Cauliflower Rice Recipe

Let’s get the cauliflower rice recipe out of the way first, and then we’ll offer a few suggestions on how to utilize it in tropical recipes.

Cauliflower Rice
  • 1 Head of Cauliflower
  1. Cut the cauliflower into small florets, including the stalk. Give everything a good rinse under the tap.
  2. Steam for 15 minutes or microwave on high for 7 minutes, until very soft. It is important not to boil the cauliflower in a lot of water, otherwise it becomes waterlogged, rendering more of a cauliflower sludge rather than cauliflower rice.
  3. When cooled, transfer to a food processor and pulse lightly 2-3 times, until the cauliflower resembles rice. Do this is small batches.

Congrats, now you’ve made cauliflower rice in a million recipes.

There’s a very good reason why rice is the tropical world’s most consumed staple. It’s easy and relatively cheap to grow, filling when consumed and boasts a long shelf life. Not so much with cauliflower rice (just yet). So although you may not find it served in restaurants in the tropics, it is an invaluable and healthy way to reproduce your favorite tropical dishes at home.

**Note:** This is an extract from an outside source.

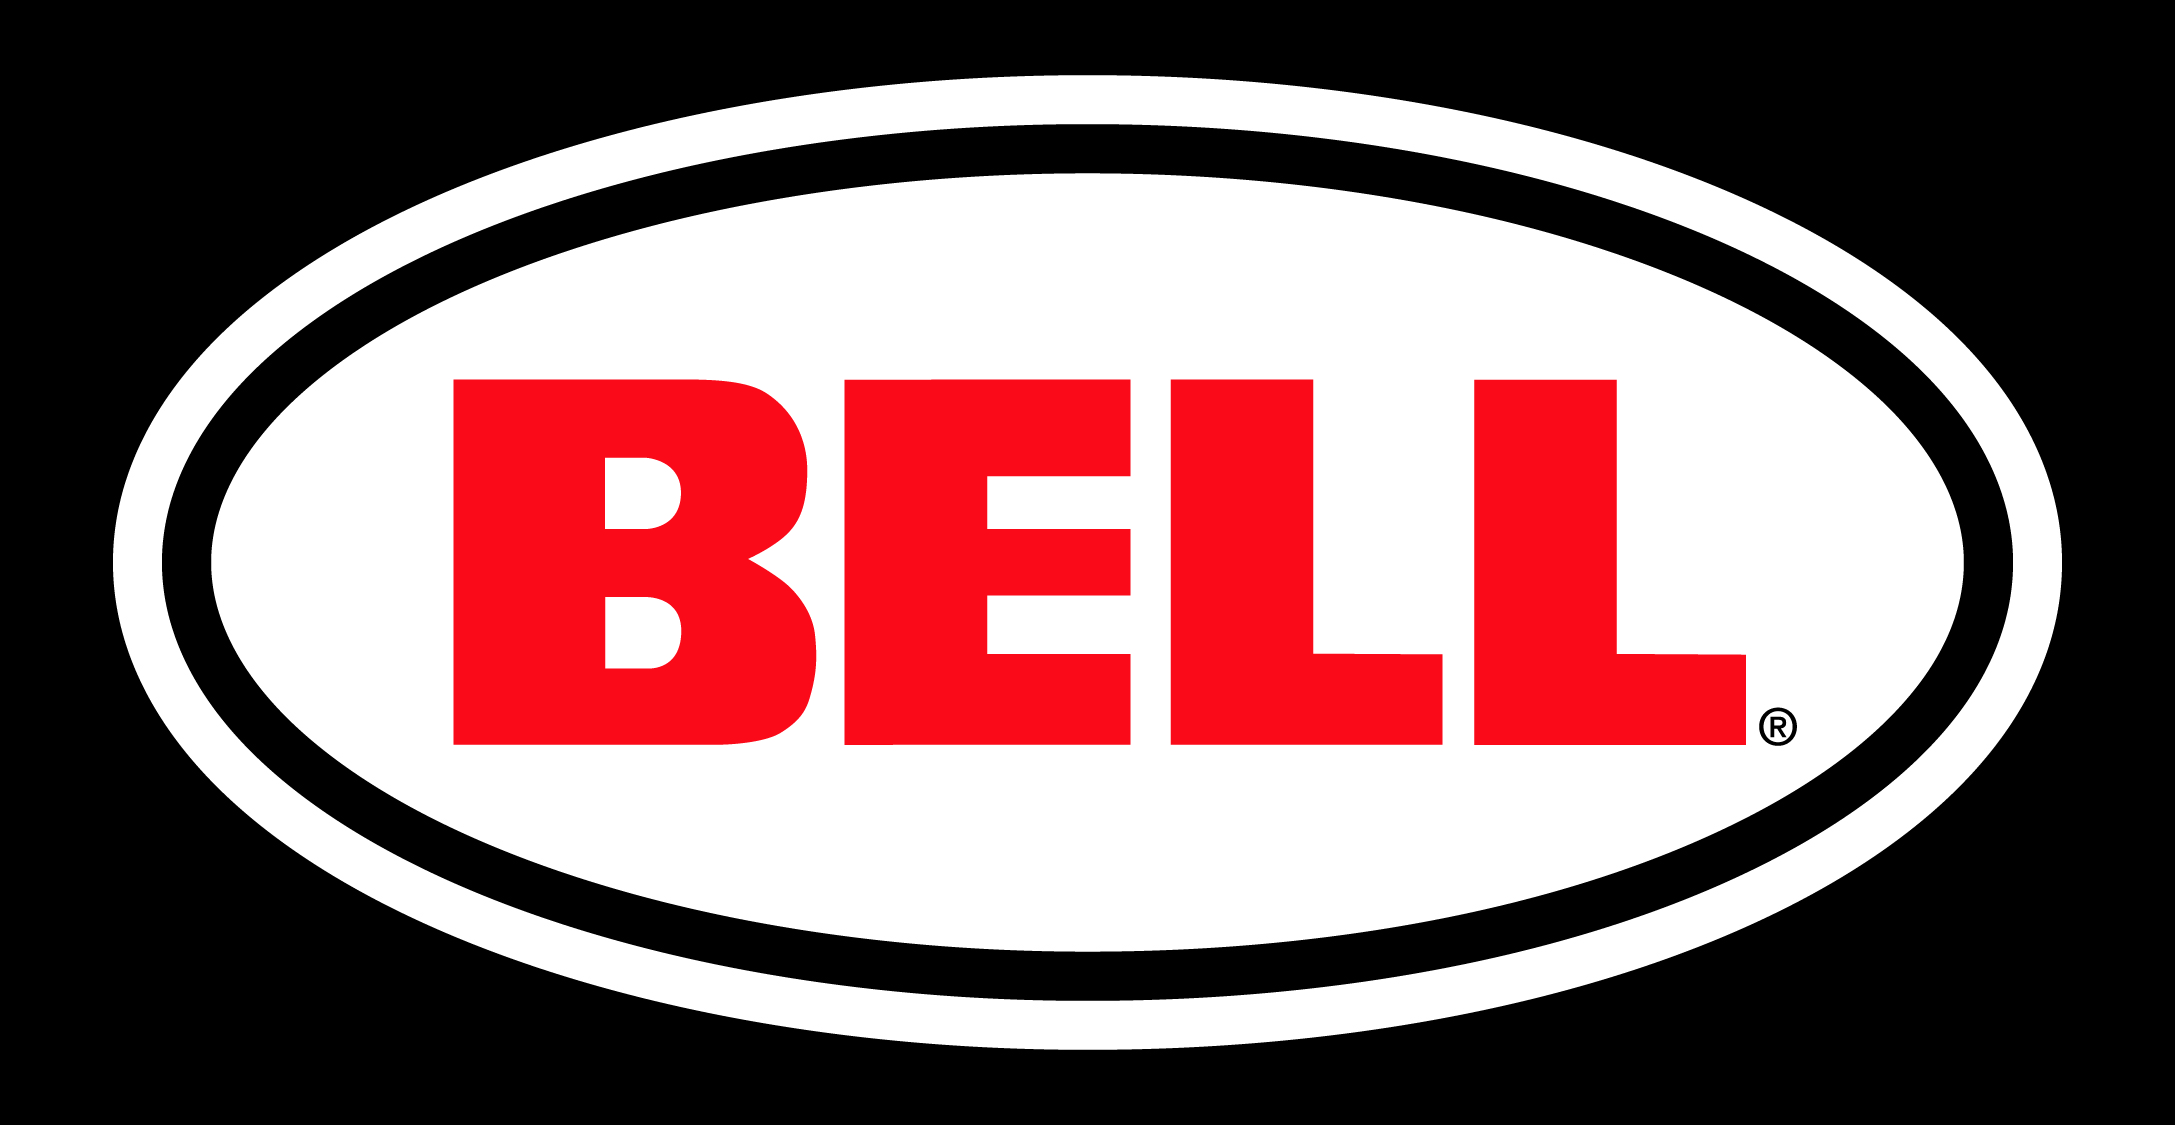 Copy of bell-logo.jpg

The genius thing about it is that you’ll be inadvertently consuming yet another serving of vegetables at every meal. Surprisingly, I find that once riceified, cauliflower reduces in volume quite a bit, so one whole head only feeds 2 people as a main meal or even side dish.

Cauliflower rice can be used in place of rice in just about every tropical meal recipe, from fried rice to tropical stuffed bell peppers, pilaf (add coconut oil and macadamia nuts for added oomph) and Mexican chili con carne (recipe to follow) although the cauliflower & refried beans combo can have some undesirable side-effects, so I tend to skip red beans when using cauliflower, using cannellini instead. So go ahead and make your first batch of cauliflower rice and we’ll assure you, it’ll be the best and healthiest addiction you’ll ever enjoy!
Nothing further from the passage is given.